In this article, we report a case of an SAA successfully treated with a double-layer micromesh carotid stent using an endovascular approach and discuss the endovascular management of SAAs in the light of existing literature.

Figure 1. A contrast-enhanced computed tomography angiography showing an aneurysmal dilation in the mid-to-distal segment of the splenic artery, measuring 22×26×24 mm.

The procedure was performed under local anesthesia. Using the Seldinger technique, a 7-Fr intra-arterial sheath was introduced into the right femoral artery. A 0.014-inch guidewire (Hi-Torque Command™ Peripheral Workhorse Guidewires, Abbott Cardiovascular, MN, USA) was advanced into the celiac artery and subsequently into the splenic artery with the assistance of an INVAMED™ support catheter (INVAMED, Ankara, Türkiye). Selective angiography delineated the location of the aneurysm. A stiff wire (ZIPwire, Stiff Type, Boston Scientific, MA, USA) was, then, positioned within the splenic artery and later exchanged for a Hi-Torque Steelcore 18 LT (0.018x300 cm, Workhorse 0.018) to ensure adequate support.
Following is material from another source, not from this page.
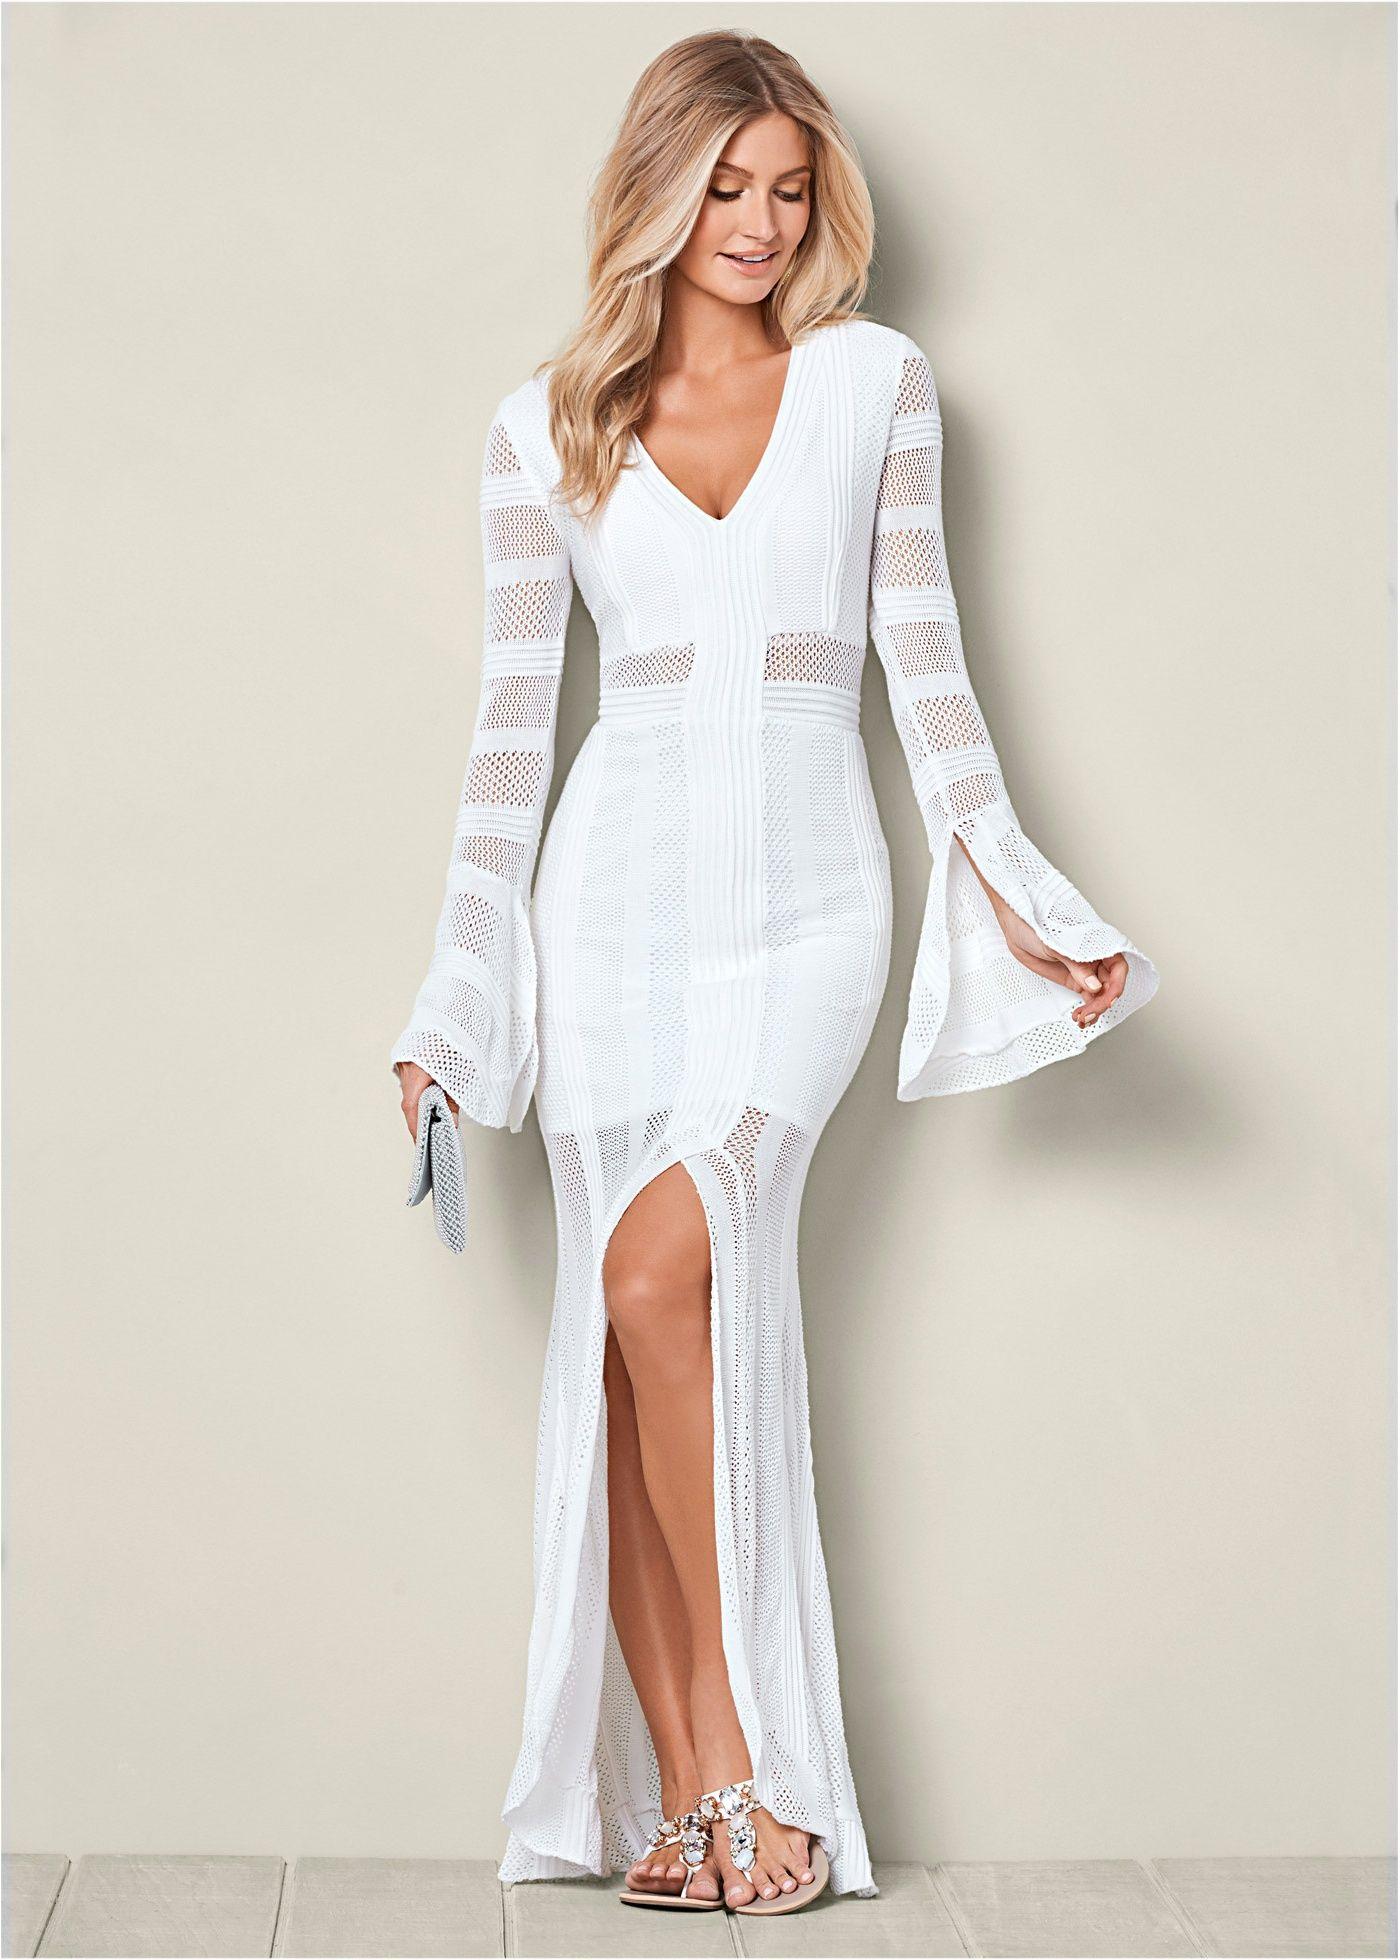 sommerliches spitzenkleid weiß - bodyflirt boutique jetzt im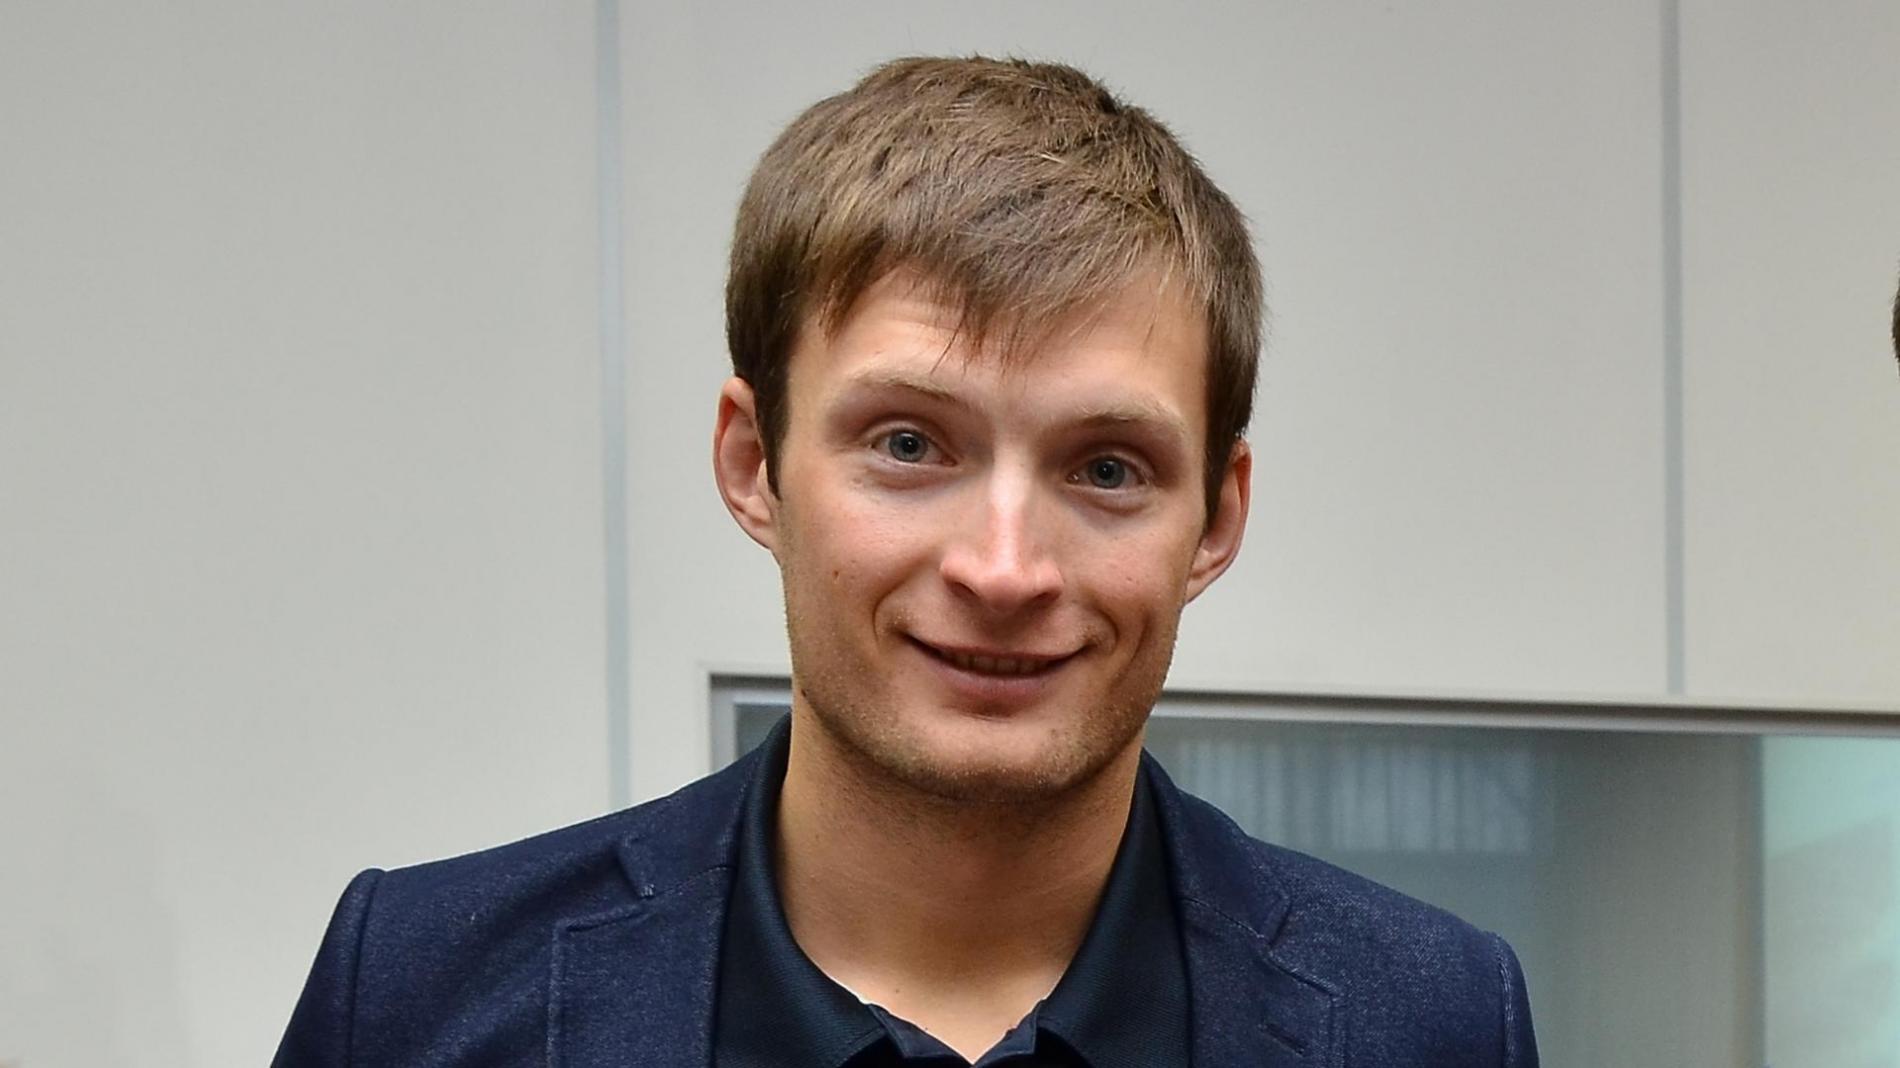 Расторгуев— вице-чемпион мира побиатлону среди военнослужащих

A 7 mm x 30 mm double-layer micromesh carotid stent (Roadsaver®, Terumo, Tokyo, Japan) was deployed across the aneurysm sac. Post-placement angiography demonstrated residual proximal filling of the aneurysm sac, necessitating the deployment of a second stent (8×30 mm) overlapping the first. Subsequent angiography revealed cessation of turbulence and antegrade flow into the aneurysm sac, with only minor retrograde filling observed. The procedure was completed upon removal of the support system and wires. The patient was discharged on the second postoperative day without complications. A follow-up CTA performed one month later confirmed complete aneurysm thrombosis without evidence of endoleak (Figure 2a, b). Following the procedure, the patient was initiated on dual antiplatelet therapy (DAPT; acetylsalicylic acid [ASA] plus clopidogrel). At the end of the first year, the treatment plan was to discontinue clopidogrel and continue antiplatelet therapy with ASA alone. Written informed consent was obtained from the patient.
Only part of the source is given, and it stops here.